Is there another music streaming service around, so I can leave? I use it damn near everyday and the accessibility is what I crave.

[–] BigBenis@lemmy.world 16 points 6 months ago (2 children)

I switched to Tidal a couple years ago and I'm happy enough with it. It's cheaper than the comparable membership tier I was paying for with Spotify. The higher fidelity streaming is nice and supposedly it pays artists the most over any other steaming service. Their recommendation algorithm doesn't index so heavily on your favorite tracks like Spotify's does, so I'm discovering new music a lot more.

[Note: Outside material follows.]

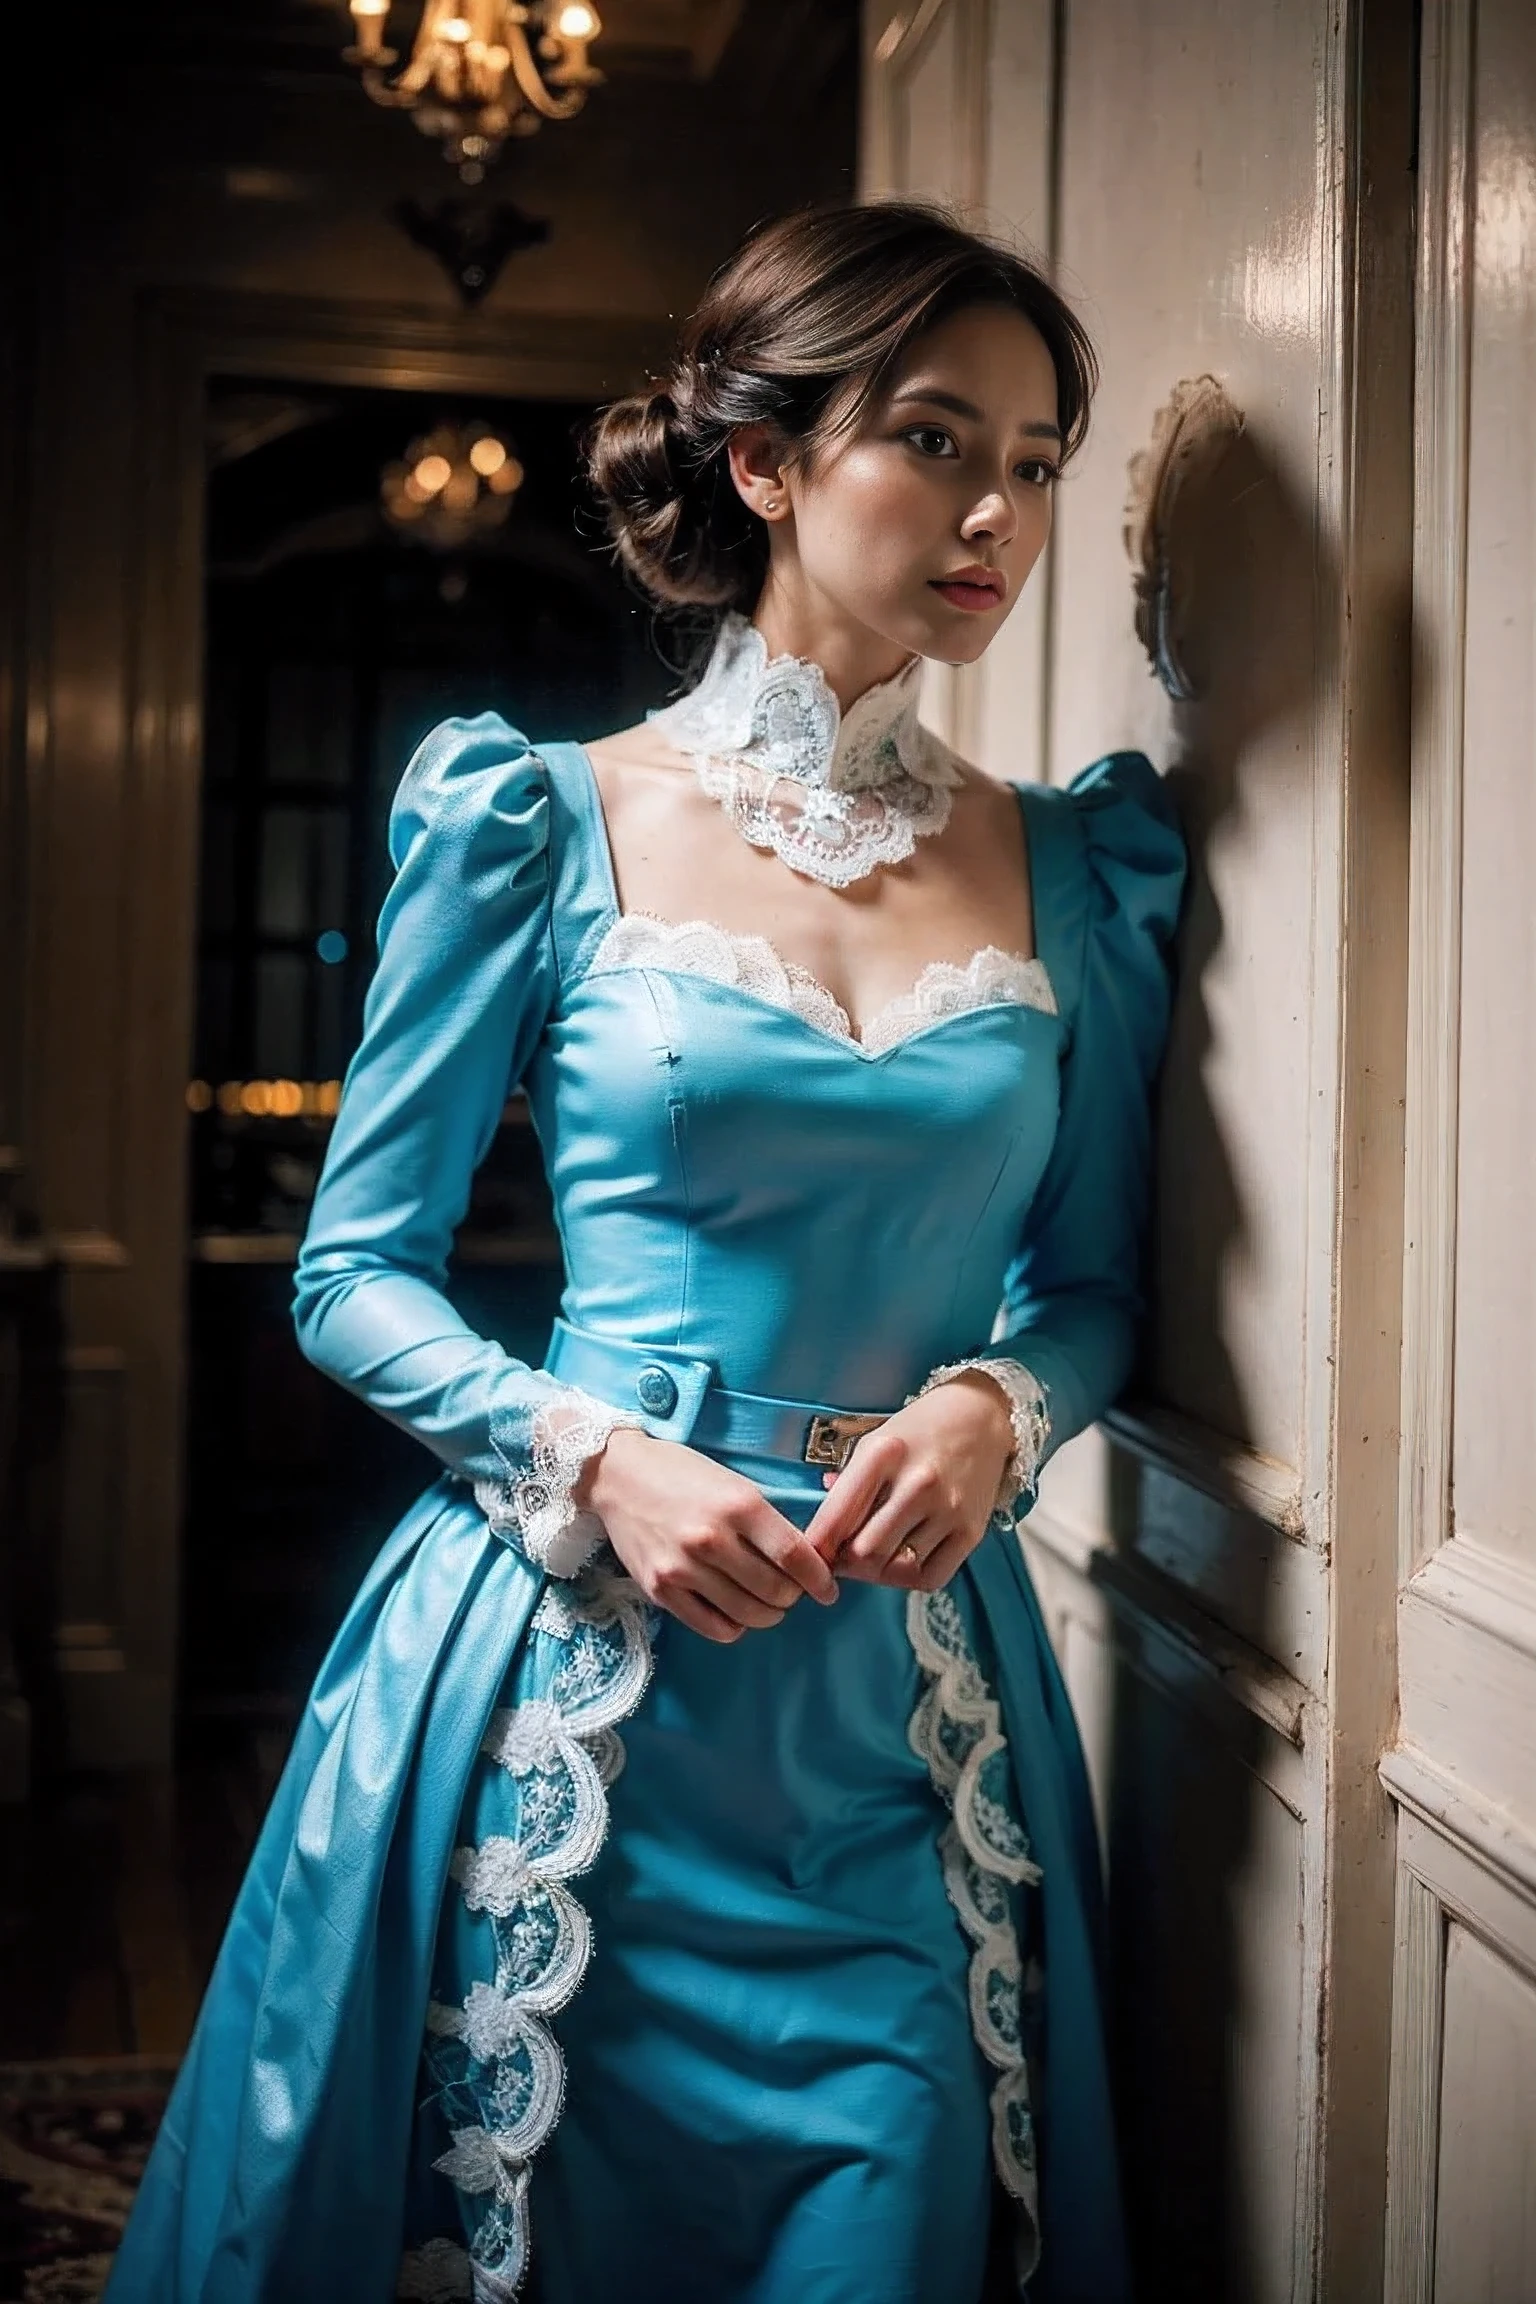 Realistic photography, Modern Victorian dress of beautiful woman

The UX isn't quite as smooth as Spotify's. I can't cast from the browser app and it doesn't remember what I'm listening to between devices. When I first switched there were a lot more bugs but I haven't noticed as many over the last year.

After Tidal inevitably succumbs to corporate rot, I'll be switching to owning my own collection and self-hosting. But until then, I'm happy with Tidal.

[–] bassomitron@lemmy.world 16 points 6 months ago (2 children)

Tidal is owned by Square (the mobile payment app/company), and I think Jack Dorsey (Twitter founder) owns that. So, probably safe to say it's already pretty corporate.

[–] username123@sh.itjust.works 5 points 6 months ago (5 children)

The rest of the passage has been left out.